Face aux interrogations et aux vifs débats de l’espace public concernant les séjours du chef de l’État à l’étranger, l’exécutif et la majorité présidentielle déploient une communication plurielle. Si certains y voient des contradictions, l’analyse des interventions de figures majeures telles que le ministre d’État Jacques Fame Ndongo et le ministre Grégoire Owona démontre plutôt une complémentarité stratégique : chacun s’exprime avec ses propres arguments et sa sensibilité, mais le fond et la finalité restent rigoureusement les mêmes.
Une pluralité d’angles pour répondre à la même préoccupation
L’exercice de la communication gouvernementale face à des sujets sensibles exige de battre en brèche les thèses de l’opposition — qui agite régulièrement l’argument de la vacance du pouvoir. Pour démonter ces accusations, les cadres et membres du gouvernement choisissent des registres d’explication distincts :
- L’approche institutionnelle et textuelle : Portée par des figures comme Jacques Fame Ndongo, elle rappelle avec constance la stricte légalité constitutionnelle. L’argument central repose sur le fait qu’aucun texte de la loi fondamentale ne fixe de limite temporelle précise aux déplacements du président de la République hors des frontières nationales.

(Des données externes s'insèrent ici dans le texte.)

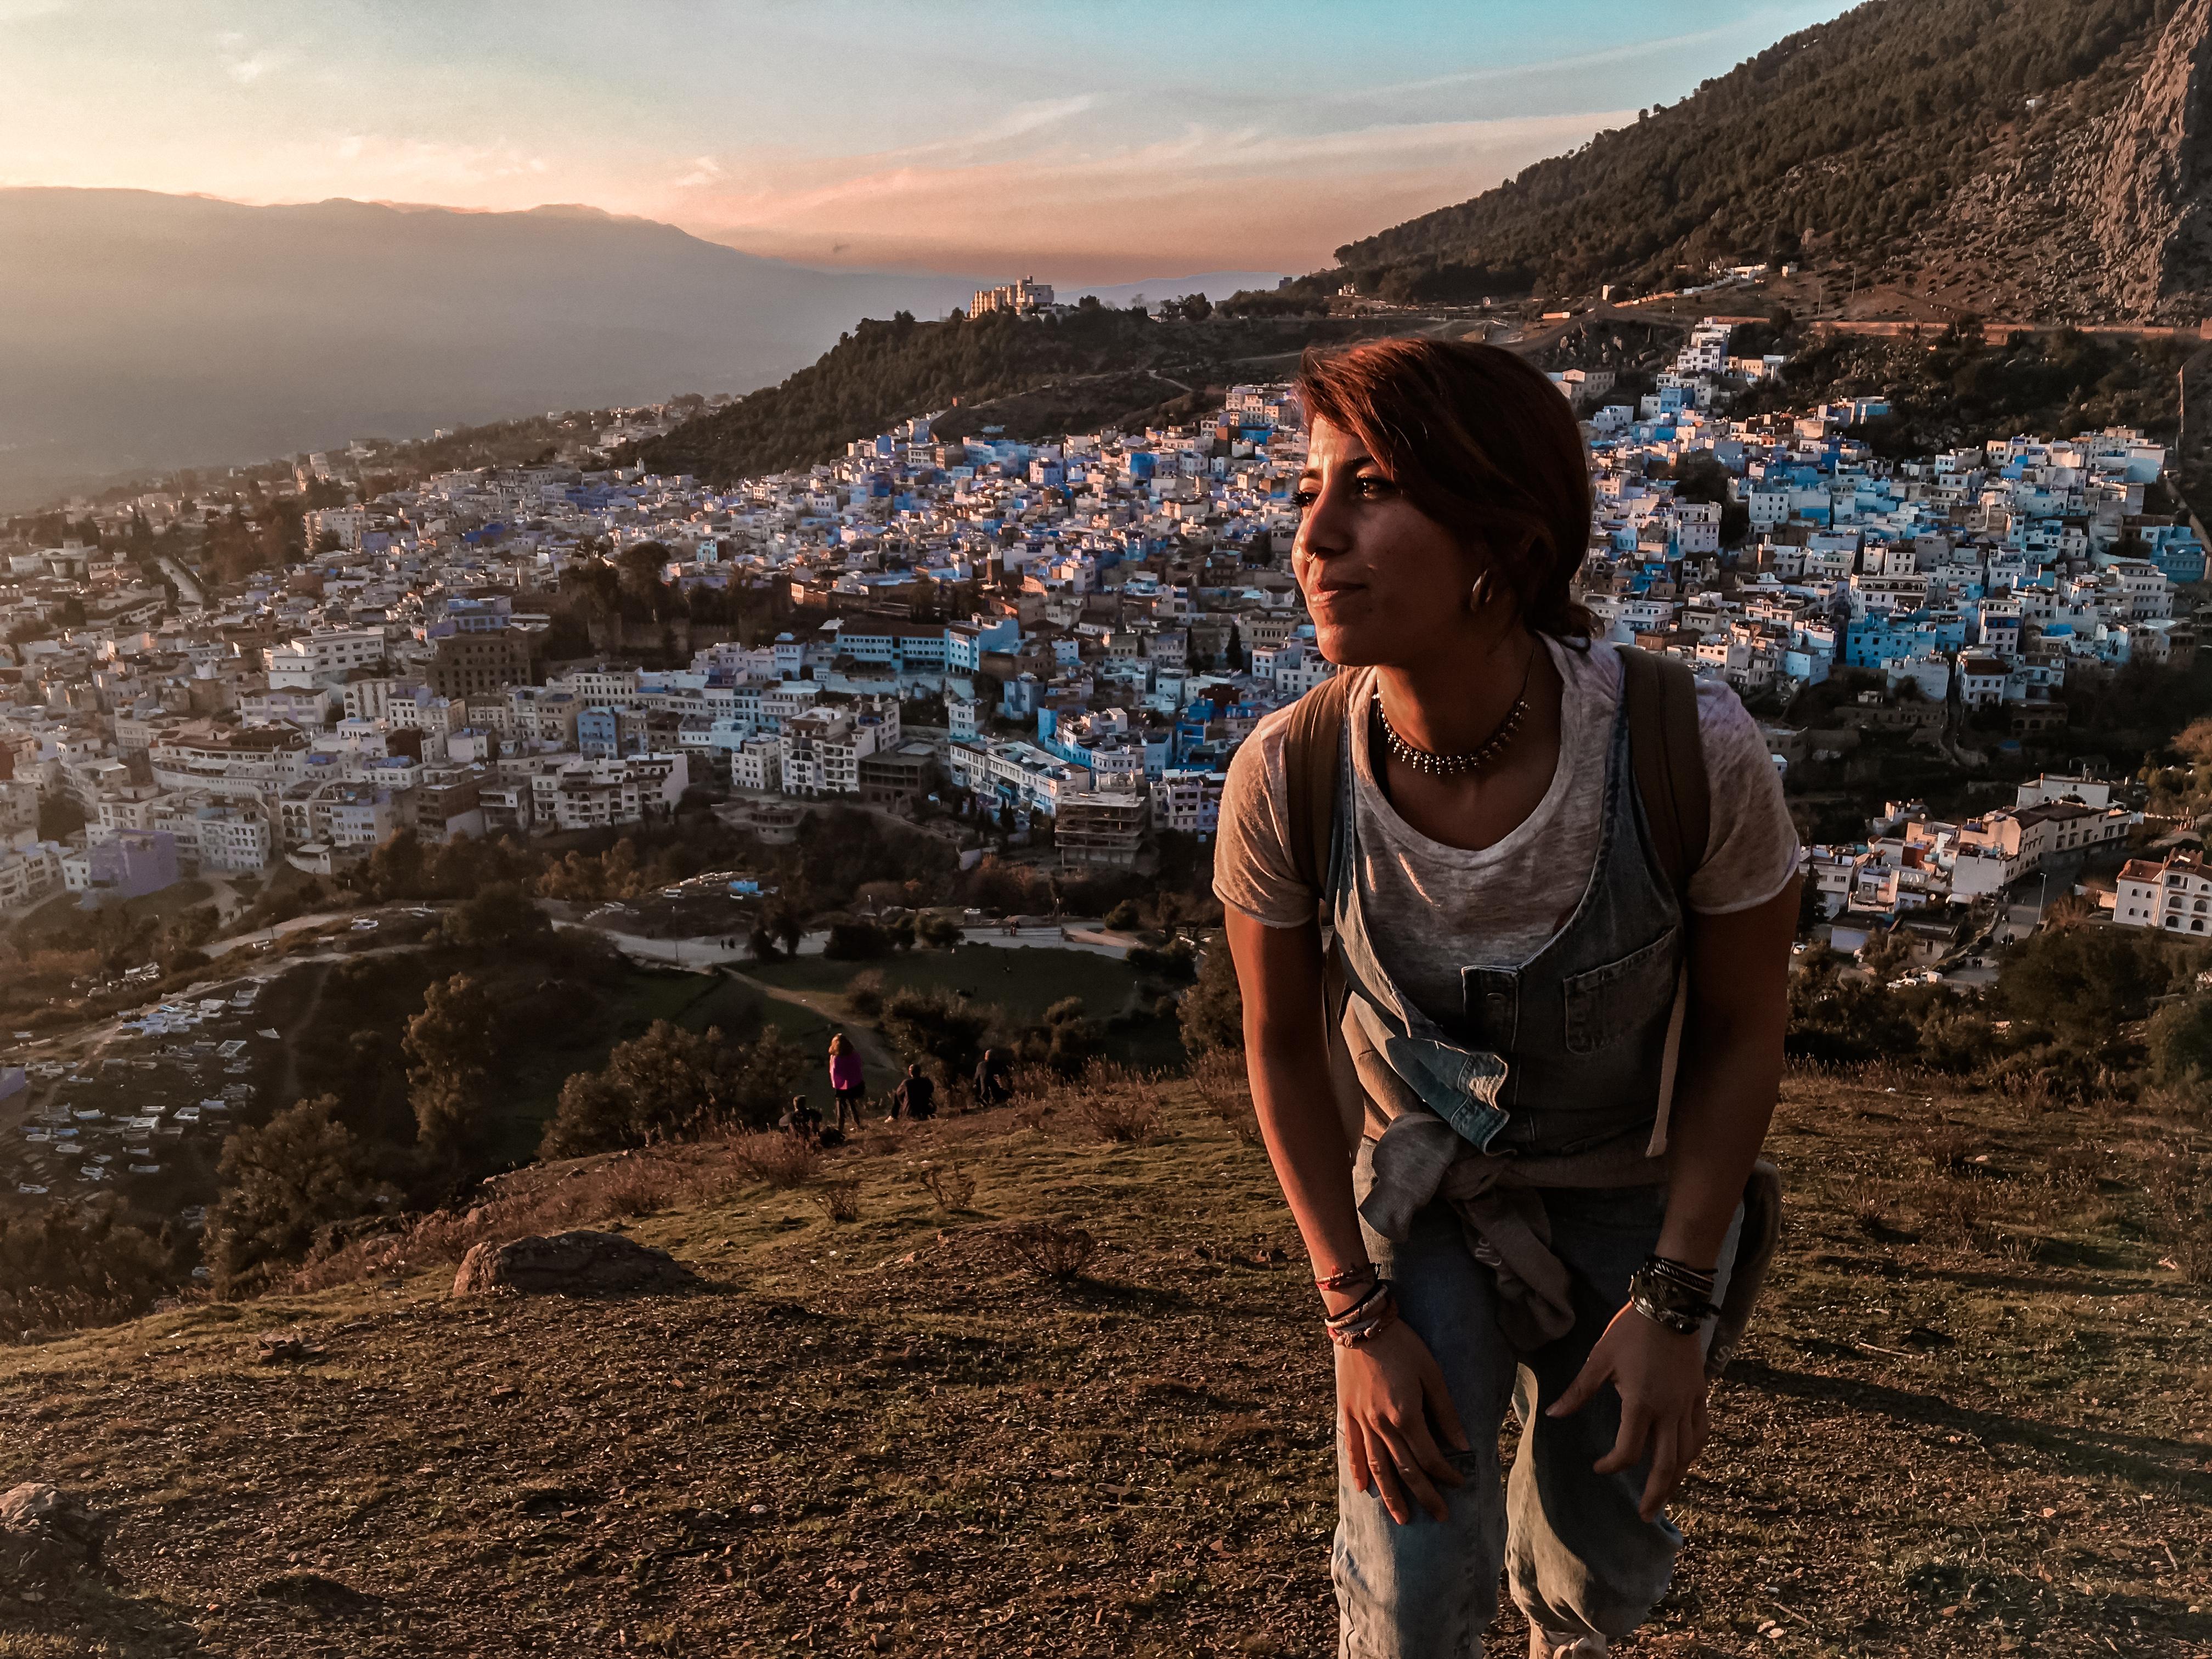 Alle mie spalle la città azzurra di Chefchaouen, in Marocco. Il tramonto colora il paesaggio d'aranc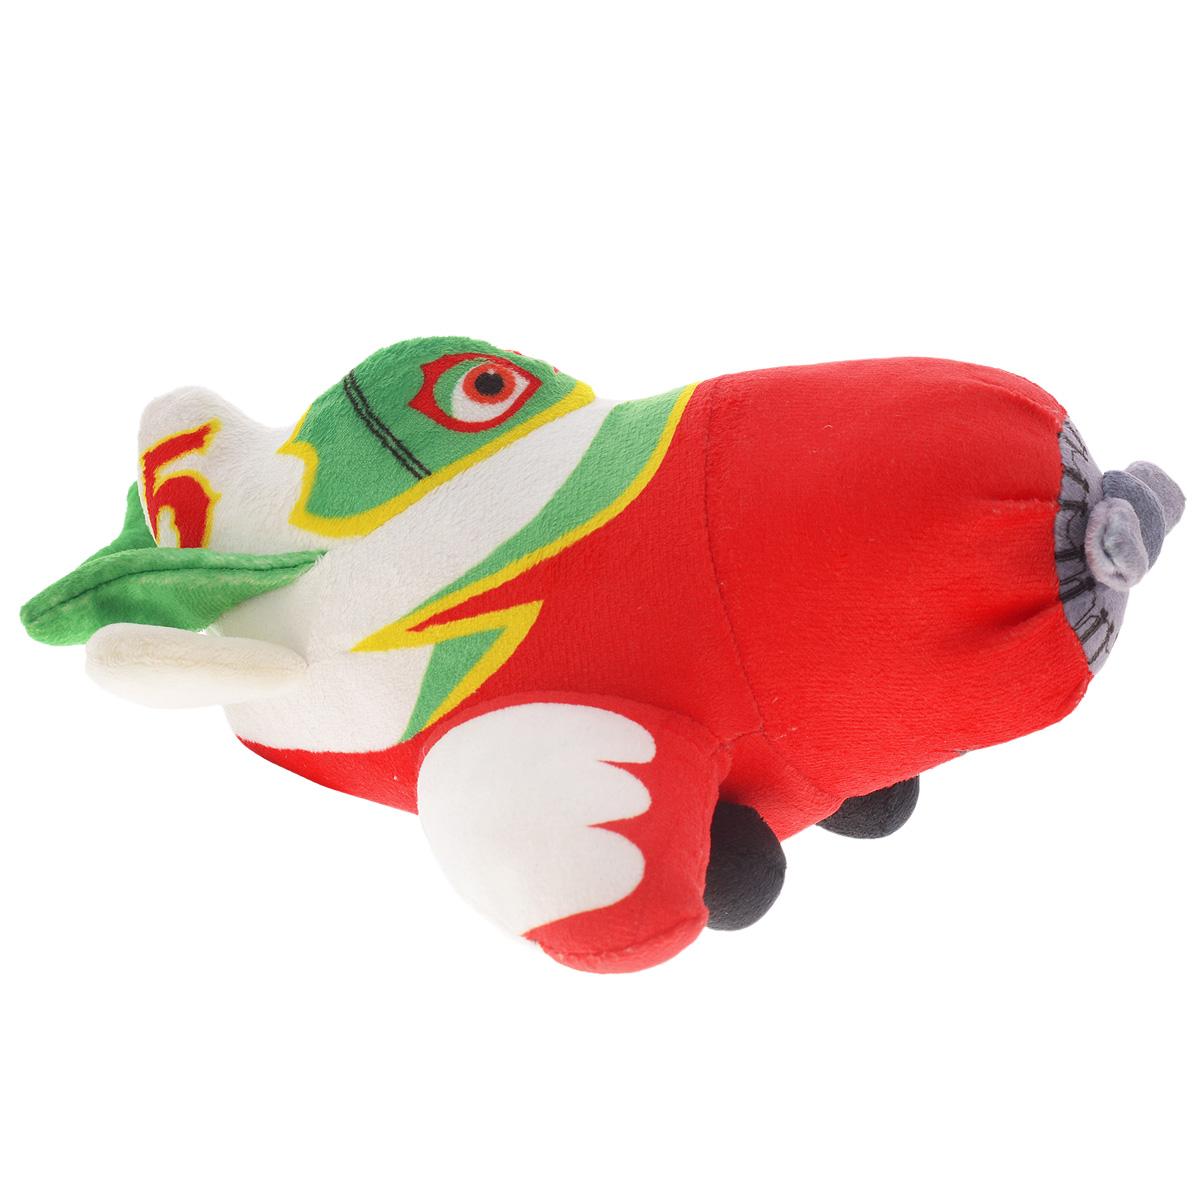 Мягкая озвученная игрушка Planes Эль Чупакабра, 22 смK33043A2Мягкая озвученная игрушка Planes Эль Чупакабра приведет в восторг вашего ребенка. Яркая игрушка, выполненная из приятного на ощупь плюшевого материала, является точной копией героя мультфильма Самолеты. В игрушку встроен чип, который позволяет произносить множество фраз оригинальным голосом персонажа на русском языке и звук мотора. Необходимо просто нажать на крыло самолета и вы услышите такие фразы: Я научу тебя летать, Нас с тобой ждет много приключений, Увидимся в небе, Амиго,  Привет, я Эль Чупакабра, Внимание сеньоры и сеньориты. Данная игрушка способствует развитию воображения и тактильной чувствительности у детей. Ваш ребенок часами будет играть с моделью, придумывая различные истории. Порадуйте его таким замечательным подарком. Игрушка работает от незаменяемой батарейки типа LR6/AA.

- L’approche pratique et sociale : Illustrée par la sortie de Grégoire Owona, elle investit le terrain du droit commun et du quotidien pour faire analogie avec le statut de tout travailleur. En évoquant le cadre des congés annuels et des équivalences normatives, l’objectif est de dédramatiser l’absence en la ramenant à un droit fondamental reconnu à tout employé, y compris au premier d’entre eux.
Une convergence absolue sur le fond : la légitimité et la continuité
Si les angles d’attaque diffèrent — l’un convoquant le vide textuel constitutionnel, l’autre s’appuyant sur les principes généraux applicables aux travailleurs —, la substance du message politique demeure strictement identique.
L’objectif partagé par ces différentes voix est triple :
Réfuter catégoriquement toute idée de vacance du pouvoir, en affirmant que les institutions fonctionnent de manière continue et fluide.
Affirmer la légitimité pleine et entière du président Paul Biya dans l’exercice de ses hautes fonctions, qu’il soit sur le territoire national ou en déplacement.
Clore les polémiques stériles en démontrant que chaque acte s’inscrit dans un cadre légal et républicain établi.
Qu’un membre du gouvernement s’exprime sous l’angle du droit constitutionnel ou qu’un autre choisisse le prisme du droit du travail, ces variations de ton témoignent d’un appareil étatique qui s’adresse à des publics aux sensibilités diverses. Lorsque la forme s’adapte à la pédagogie nécessaire mais que la convergence de fond demeure intacte pour défendre les institutions de la République, c’est la cohérence globale de l’action gouvernementale qui l’emporte.